If it comes from a deceased person, the donor process must obtain the consent of the family to give or donate the organs that are still healthy. Not only the liver, usually this process involves the removal of the cornea of the eye, heart, kidneys, lungs, even skin or bones.
Until after the removal, the donor should still be assisted by the respiratory machine despite its passing away. This is done in order for the donated organs to still receive oxygen supply.
The transplant process of living and healthy people can be immediately after the donor undergo a series of tests that prove that the body and heart condition are healthy and appropriate for the recipient. The liver regeneration properties allow the remaining liver organs of the donor to grow back into a new, healthy organ.
Back Table Surgery
The next stage is the back table surgery, which is carried out in the recipient’s hospital to make changes to the liver organ tissues of the donor to fit the needs of the recipient. These changes are included in the size of the liver and are carried out immediately before the liver transplant process.
Liver transplant surgery on the receiver
The final stage is the process of grafting or liver transplant. This process is the planting of liver tissue that is in the healthy condition of the donor to the receiver, replacing the liver tissue that has been damaged and no longer functioning properly.
The recipient is given anesthesia causing the sleep effect to avoid feeling pain. The surgeon will give the drug and infusion of blood transfusions to prevent the recipient from losing much blood when the liver grafting process is performed.
Then, the surgeon begins to make an incision in the abdomen to remove a broken liver, and then reattach a healthy new liver. Usually, the surgeon installs several medical tubes to help the body perform its functions properly after surgery.

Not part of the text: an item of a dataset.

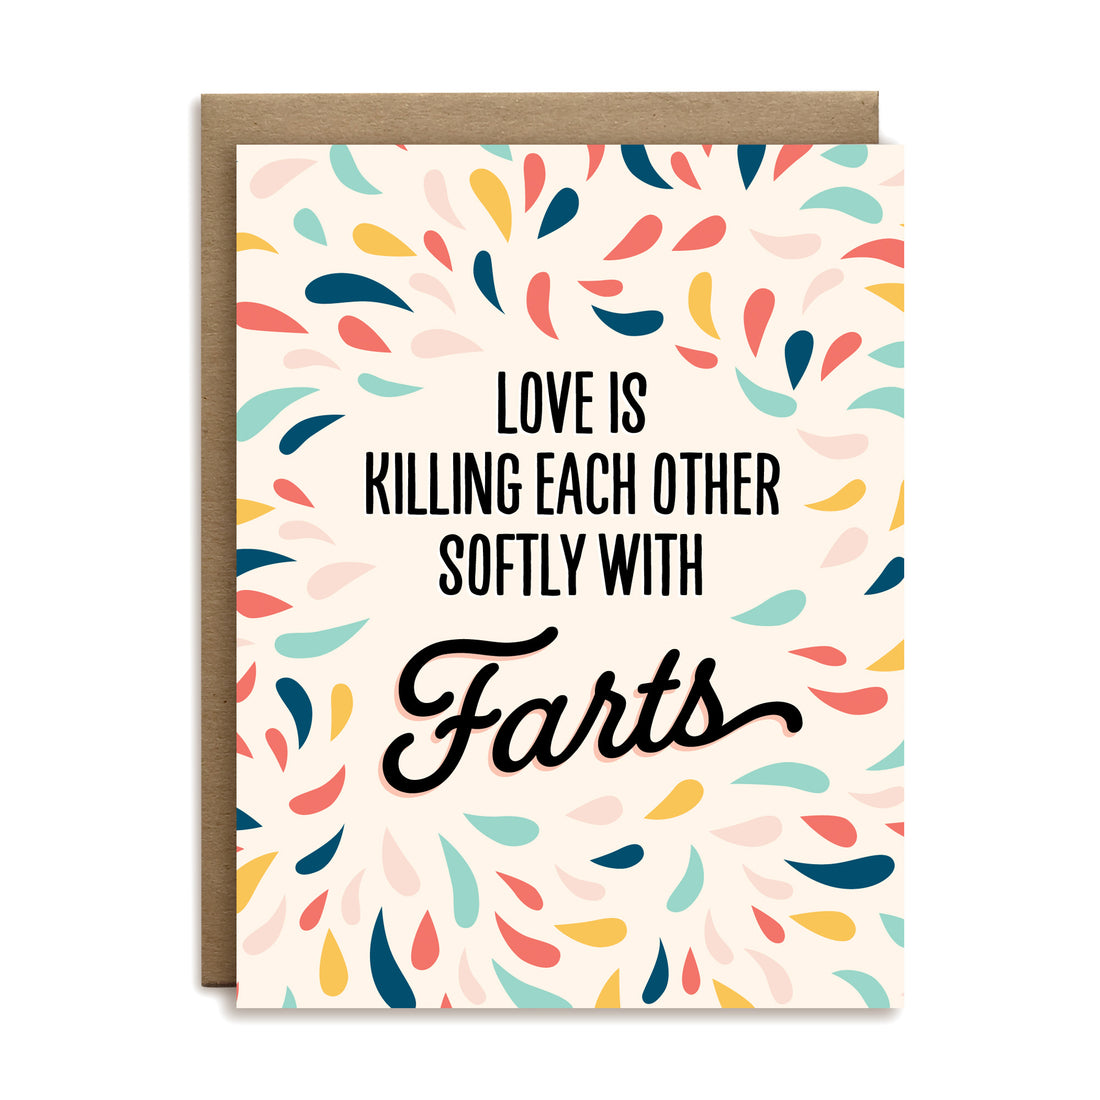 Love is killing each other softly with farts greeting card by I&

However, the body often performs attacks on new liver tissues because it considers it a foreign tissue. This condition is called graft rejection, and should be left untreated, it can cause a new liver to become damaged. In order not to happen, doctors prescribe immunosuppressants that should be consumed by liver transplant recipients for a lifetime. However, the recipient also needs to be wary of some other complications after the grafting process.
Therefore, it is best to ask the doctor before performing liver transplant.